- **Work to be completed**
Search each line of the data for the word "High"; copy every line where it is found.
----- Extracted data -----
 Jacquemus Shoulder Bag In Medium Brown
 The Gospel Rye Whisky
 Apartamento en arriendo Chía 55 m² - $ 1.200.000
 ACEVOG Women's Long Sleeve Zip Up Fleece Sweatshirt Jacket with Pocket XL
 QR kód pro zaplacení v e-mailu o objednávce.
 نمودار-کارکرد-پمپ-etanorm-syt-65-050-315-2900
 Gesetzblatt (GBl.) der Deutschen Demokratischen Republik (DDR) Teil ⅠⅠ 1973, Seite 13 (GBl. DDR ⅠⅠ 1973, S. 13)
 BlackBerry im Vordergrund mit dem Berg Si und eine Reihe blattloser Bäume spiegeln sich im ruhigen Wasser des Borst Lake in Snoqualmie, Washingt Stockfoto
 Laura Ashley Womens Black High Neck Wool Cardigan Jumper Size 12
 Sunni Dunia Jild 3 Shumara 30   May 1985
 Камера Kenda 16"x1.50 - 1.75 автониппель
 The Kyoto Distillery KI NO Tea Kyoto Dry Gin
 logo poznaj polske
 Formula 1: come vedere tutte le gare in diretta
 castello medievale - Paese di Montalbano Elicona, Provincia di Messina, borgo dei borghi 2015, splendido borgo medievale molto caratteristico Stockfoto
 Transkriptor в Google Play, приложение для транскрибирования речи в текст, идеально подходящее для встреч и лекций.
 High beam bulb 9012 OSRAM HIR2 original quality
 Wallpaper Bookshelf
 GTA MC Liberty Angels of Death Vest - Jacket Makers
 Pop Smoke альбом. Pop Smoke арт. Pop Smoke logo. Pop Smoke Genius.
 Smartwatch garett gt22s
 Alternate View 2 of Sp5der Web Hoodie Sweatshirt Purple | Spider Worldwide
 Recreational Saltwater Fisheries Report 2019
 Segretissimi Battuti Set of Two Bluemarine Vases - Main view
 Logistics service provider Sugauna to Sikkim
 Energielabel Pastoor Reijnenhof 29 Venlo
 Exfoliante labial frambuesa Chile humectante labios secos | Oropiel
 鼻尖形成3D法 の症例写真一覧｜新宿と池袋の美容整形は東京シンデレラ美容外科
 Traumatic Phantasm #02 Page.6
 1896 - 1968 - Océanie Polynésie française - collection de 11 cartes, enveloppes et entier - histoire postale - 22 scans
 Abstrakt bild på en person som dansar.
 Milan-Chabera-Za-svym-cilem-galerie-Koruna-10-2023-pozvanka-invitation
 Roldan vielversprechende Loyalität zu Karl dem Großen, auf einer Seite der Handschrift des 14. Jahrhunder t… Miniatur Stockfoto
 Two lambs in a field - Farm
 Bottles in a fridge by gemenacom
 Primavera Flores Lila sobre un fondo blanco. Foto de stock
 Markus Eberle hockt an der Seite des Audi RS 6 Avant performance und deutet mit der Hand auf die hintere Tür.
-----
- **Answer to this exercise**
 Laura Ashley Womens Black High Neck Wool Cardigan Jumper Size 12
 High beam bulb 9012 OSRAM HIR2 original quality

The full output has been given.